Finance Minister Bill English confirmed the new spending of $1 billion for the 2014 Budget, with most of that earmarked for health and education.

He conceded on Tuesday that the predicted surplus of $86 million is small - but it's a surplus all the same.

By 2018, the Treasury is forecasting the surplus will rise to $5.62 billion. Mr English said this means that the Government now expects to start repaying debt in 2016-17.

Labour's finance spokesperson David Parker said that is no surprise, given the $40 billion rebuild of earthquake-hit Canterbury and the best terms of trade in 40 years are helping lift economic growth.

"Neither should we be giving too much credit to the Government for after five deficits creeping back into surplus - I'm sure we would've done that too."

Mr Parker said households still face tough times, particularly as mortgage interest rates are set to rise in 2014, and the Treasury is still forecasting unemployment to remain above 5% until 2018.

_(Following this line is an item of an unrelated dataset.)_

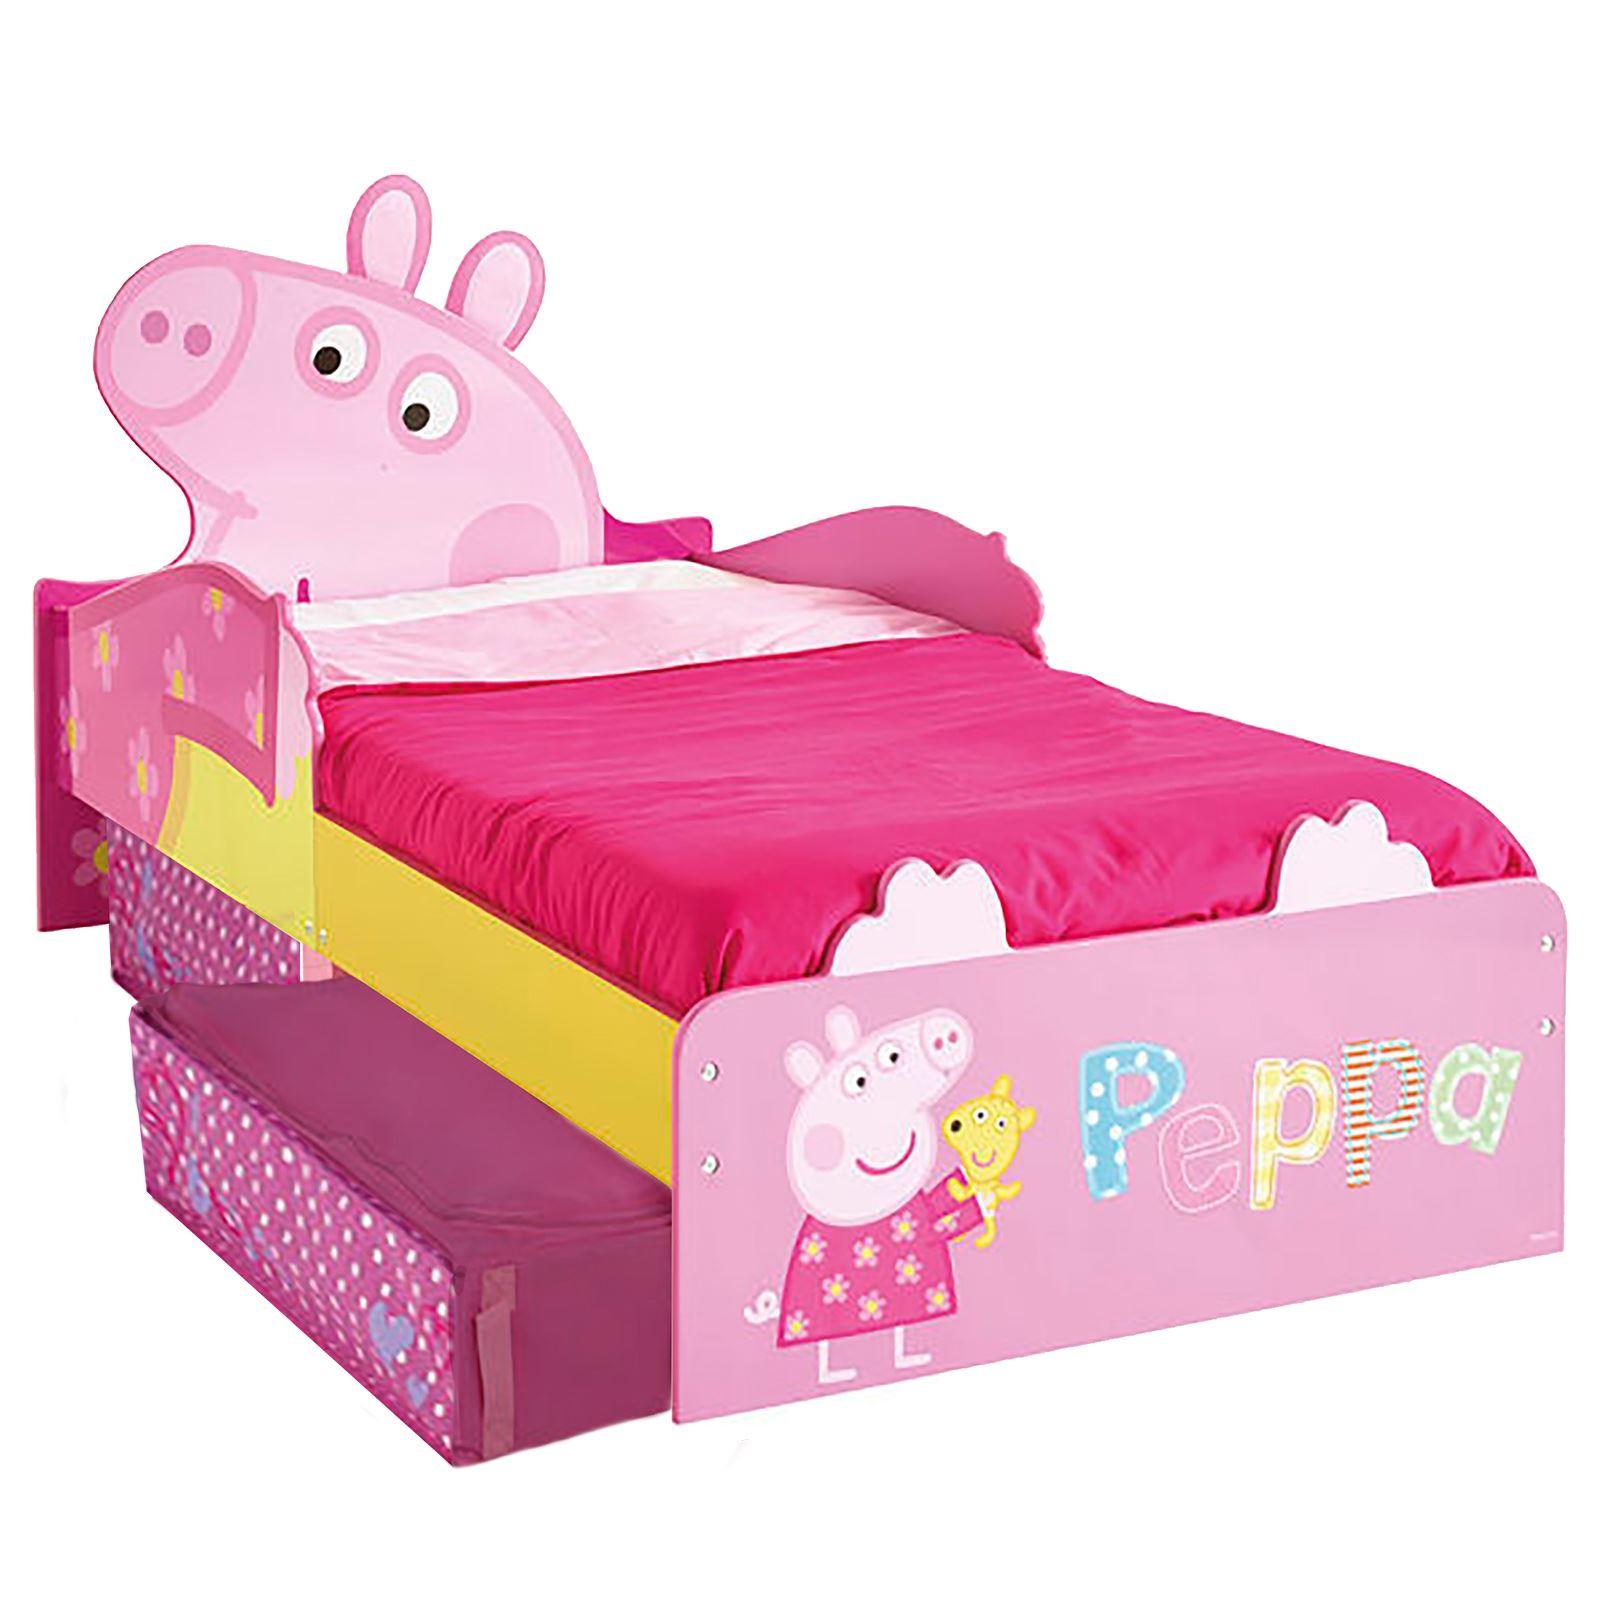 disney lit enfant b b avec rangement matelas cars. Black Bedroom Furniture Sets. Home Design Ideas

Bill English is not promising that the forecast surplus in 2018 will mean more spending or tax cuts in later years.

"We'll be pretty careful about that because we learnt from the mid-2000s where you have a growing economy, if you have a blow-out in government spending and runaway house prices, it's just pouring petrol on the fire. People need to remember we ended up with 10 percent first mortgage rates - double what they are today."

Impact of asset sales

Russel Norman.

Russel Norman. Photo: RNZ

The Treasury's update reveals the Government's projected surplus is $108 million lower because of its sale of shares in state-owned electricity companies.

Bill English dismissed the estimate of the impact of share sales on the forecast surplus of $86 million next financial year.

But Green Party co-leader Russel Norman said on Tuesday it is now clear that the sales have lost the Government money.

"These companies earn over 10 percent on capital. The cost of capital to the Crown is less than 5 percent and the resulting difference between the two is why you end up with the Government worse off by $100 million every year forever as a result of asset sales."

Dr Norman said if the Government had not sold the shares, it would have doubled its forecast surplus.